What to work on
Word for word, restate the entries below and exclude every image.

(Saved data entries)
__________

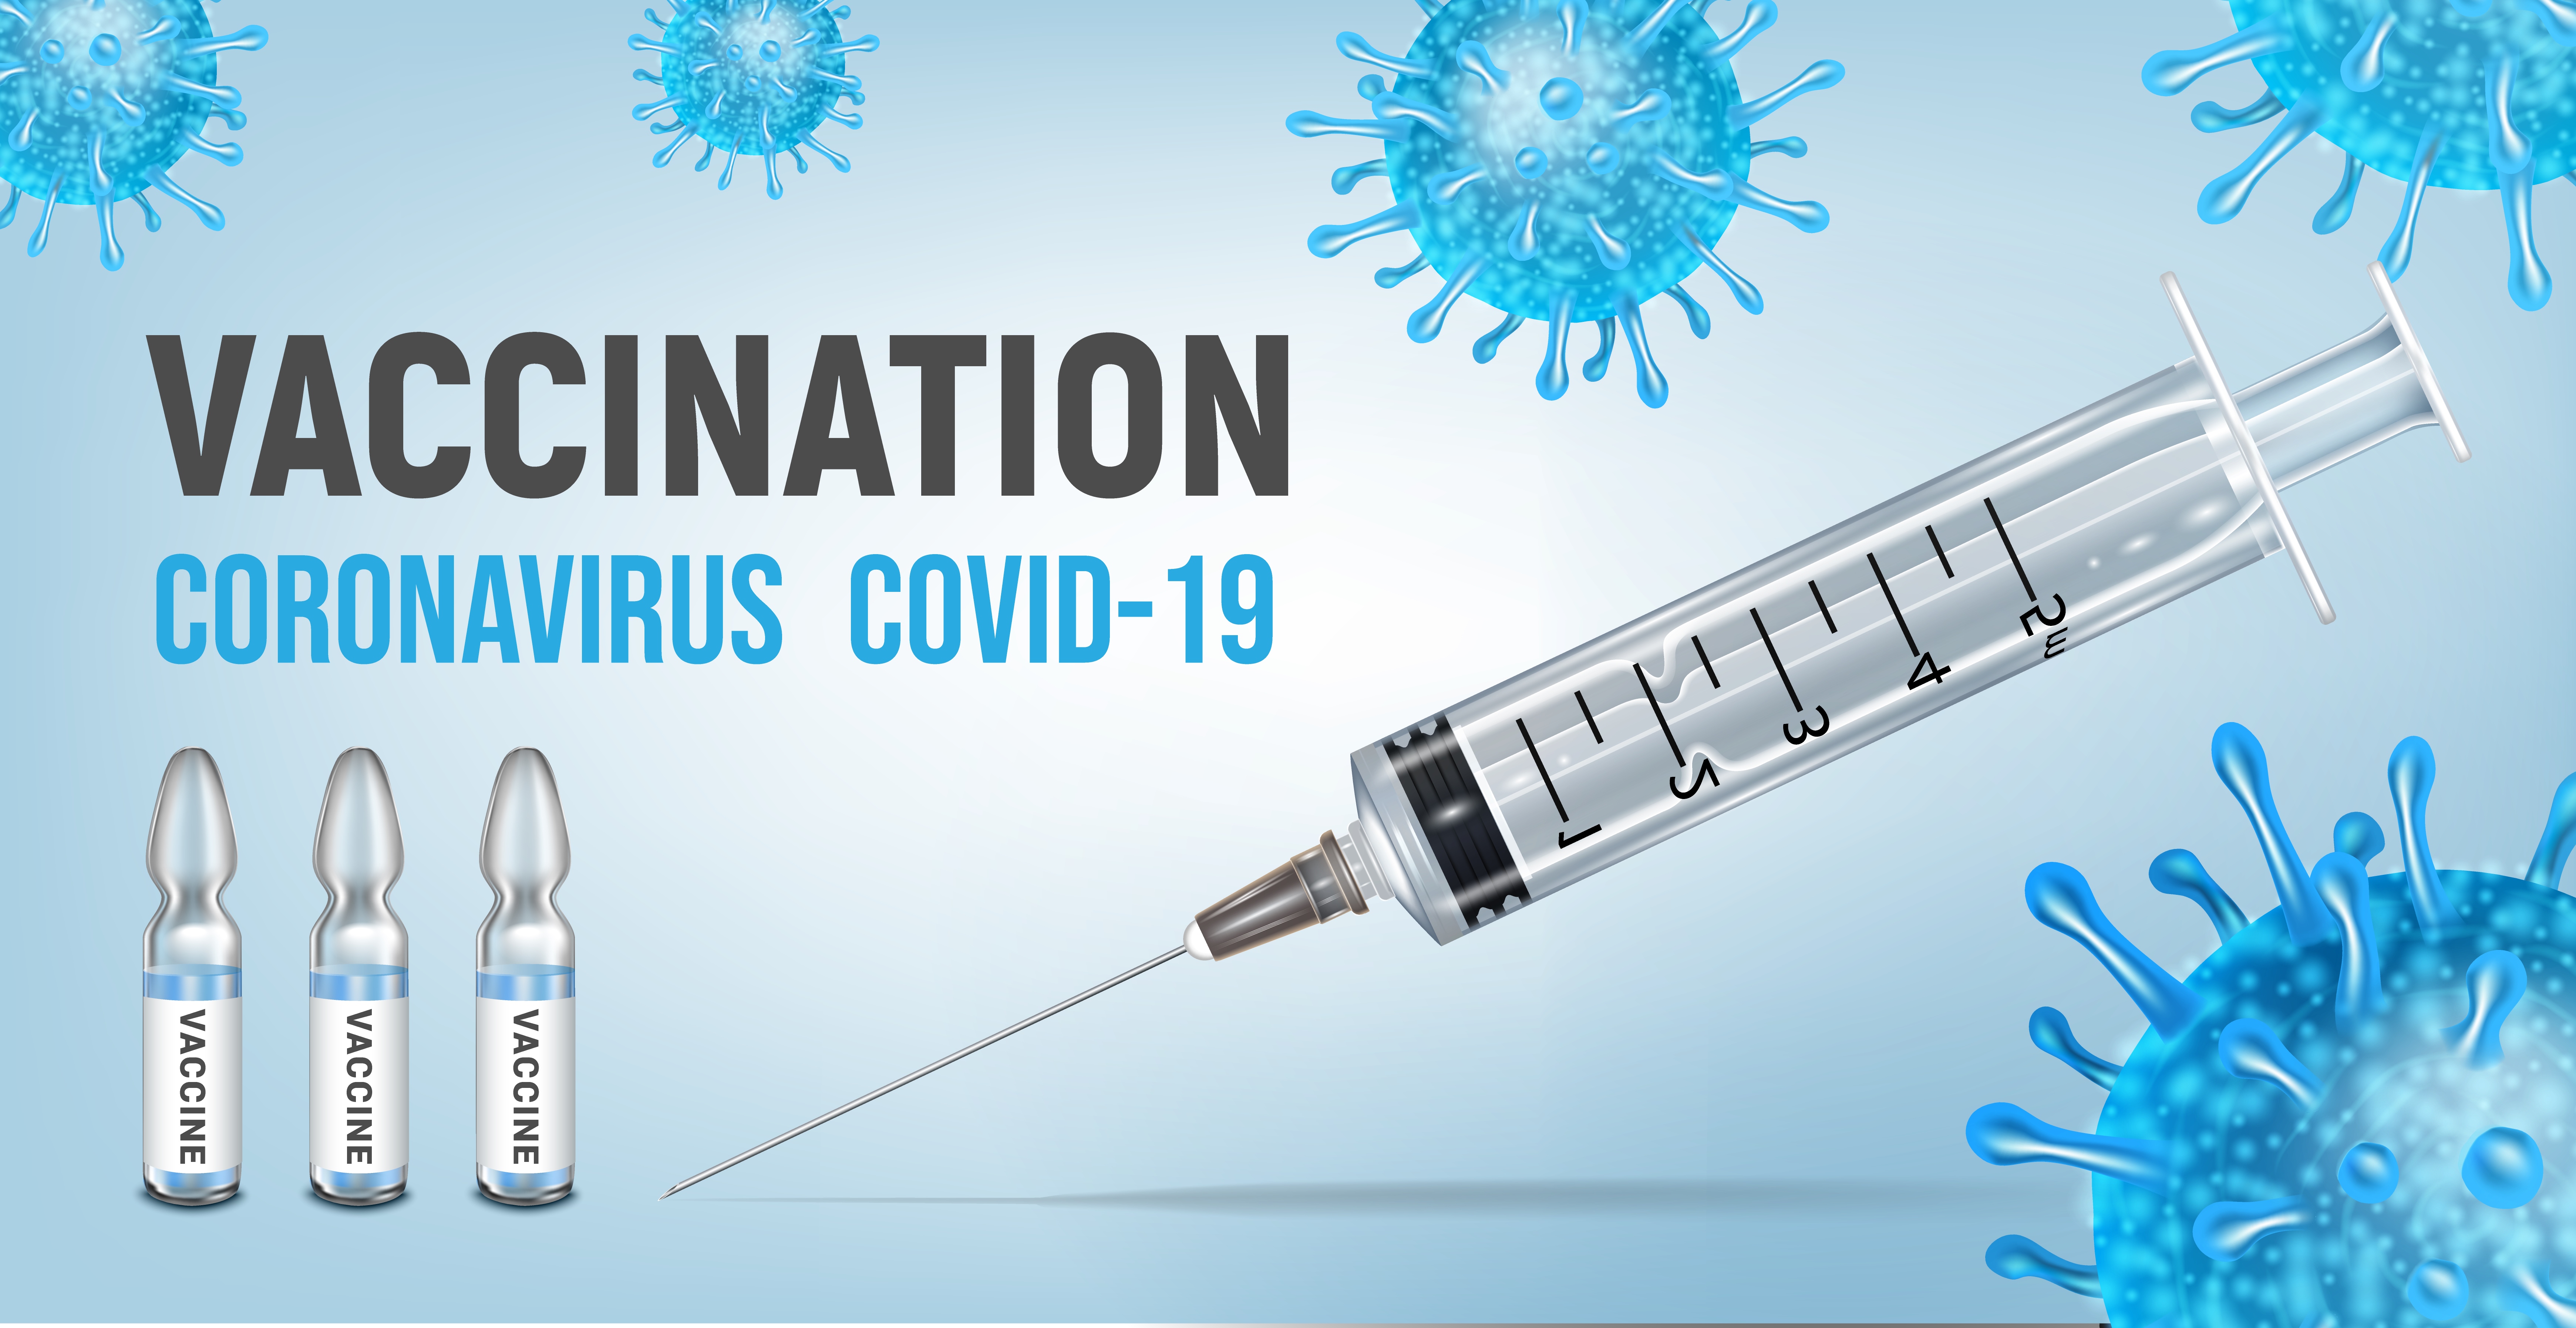 Virus vaccine. Вакцинация Covid-19. Вакцинация картинки. Вакцинация от коронавируса баннер. Реклама вакцины от коронавируса.
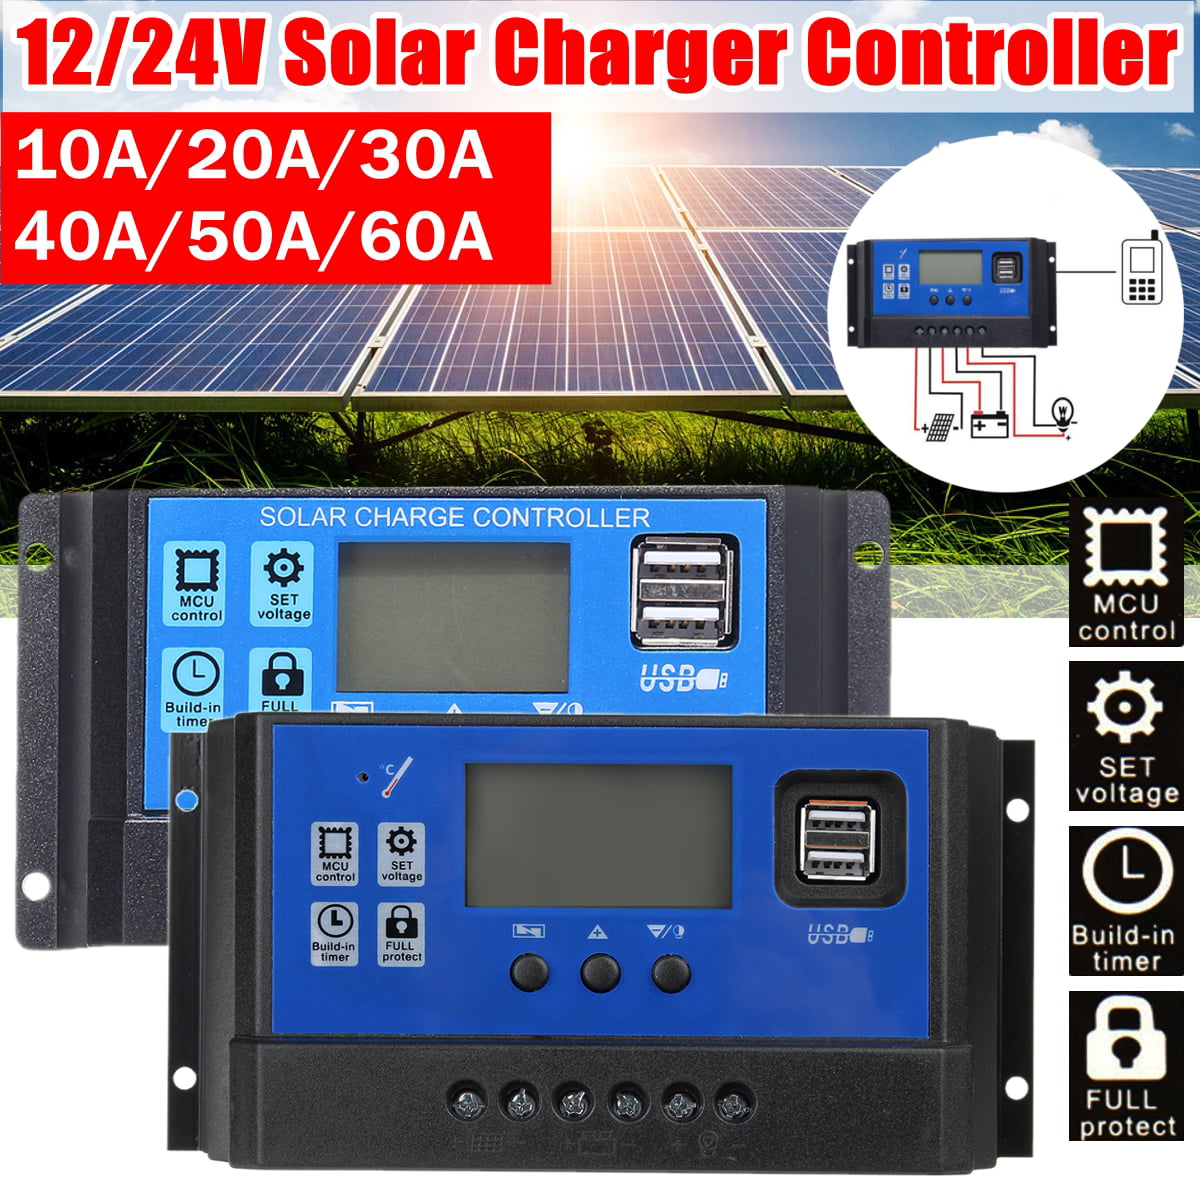 20A SOLAR PANEL CHARGE CONTROLLER REGULATOR 20AMP 12 24 VOLT 12V 24V DIGITAL LED 
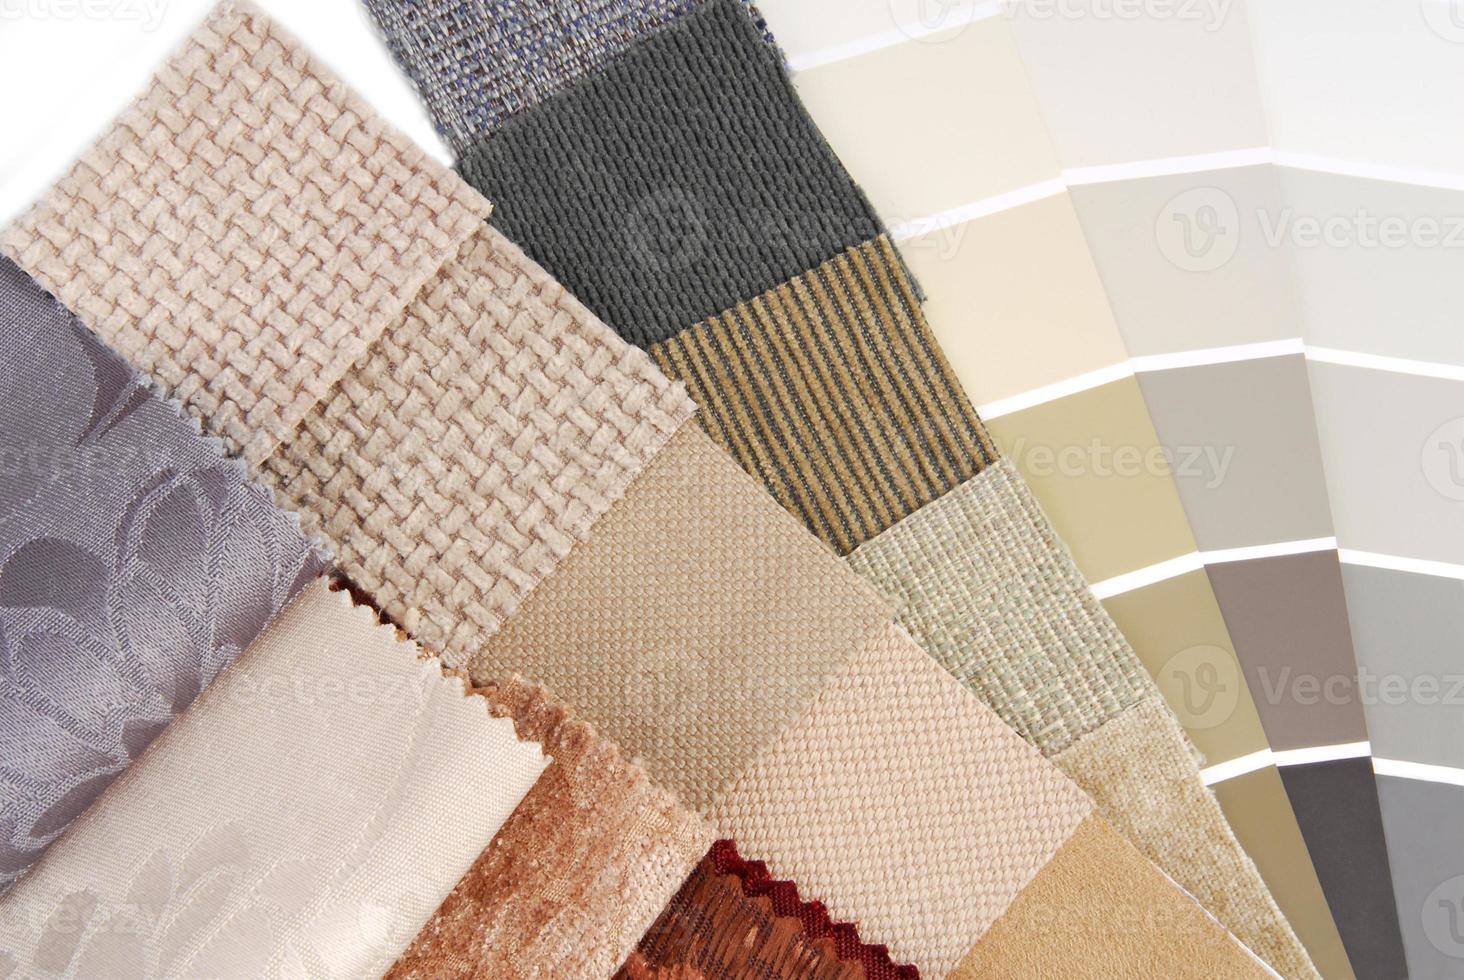 Auswahl an Polsterteppichen und Vorhangfarben für den Innenraum foto
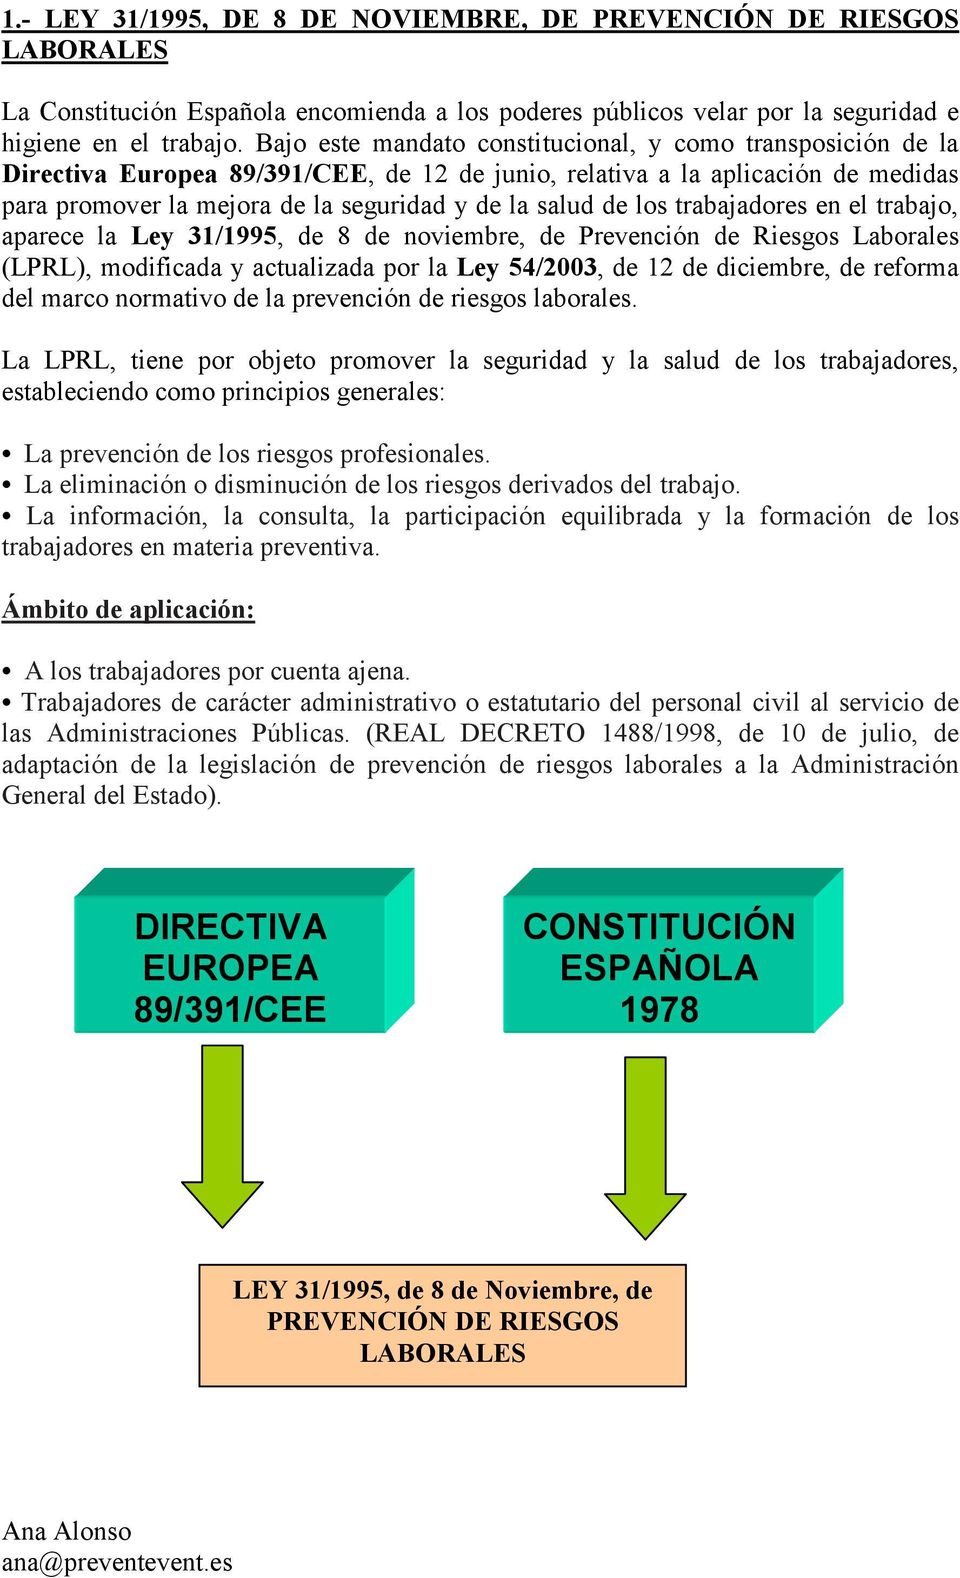 los trabajadores en el trabajo, aparece la Ley 31/1995, de 8 de noviembre, de Prevención de Riesgos Laborales (LPRL), modificada y actualizada por la Ley 54/2003, de 12 de diciembre, de reforma del
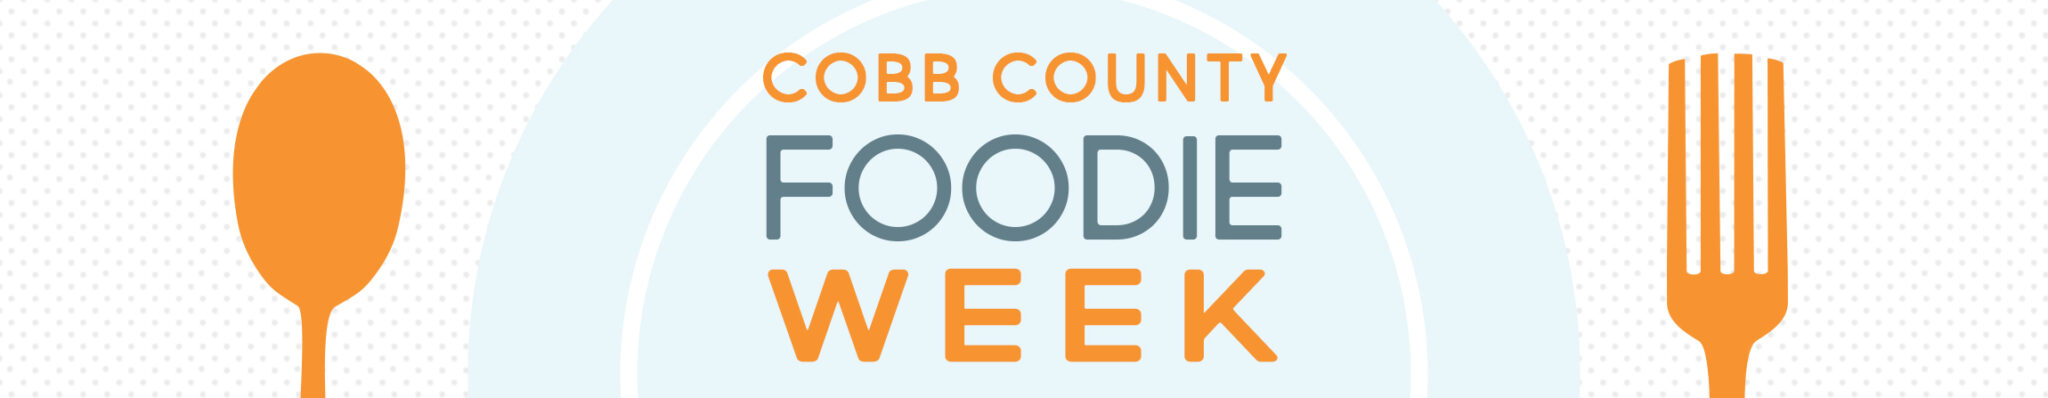 Cobb County Foodie Week

__________

Response to the exercise
 Virus vaccine. Вакцинация Covid-19. Вакцинация картинки. Вакцинация от коронавируса баннер. Реклама вакцины от коронавируса.
 20A SOLAR PANEL CHARGE CONTROLLER REGULATOR 20AMP 12 24 VOLT 12V 24V DIGITAL LED 
 Auswahl an Polsterteppichen und Vorhangfarben für den Innenraum foto
 los trabajadores en el trabajo, aparece la Ley 31/1995, de 8 de noviembre, de Prevención de Riesgos Laborales (LPRL), modificada y actualizada por la Ley 54/2003, de 12 de diciembre, de reforma del
 Cobb County Foodie Week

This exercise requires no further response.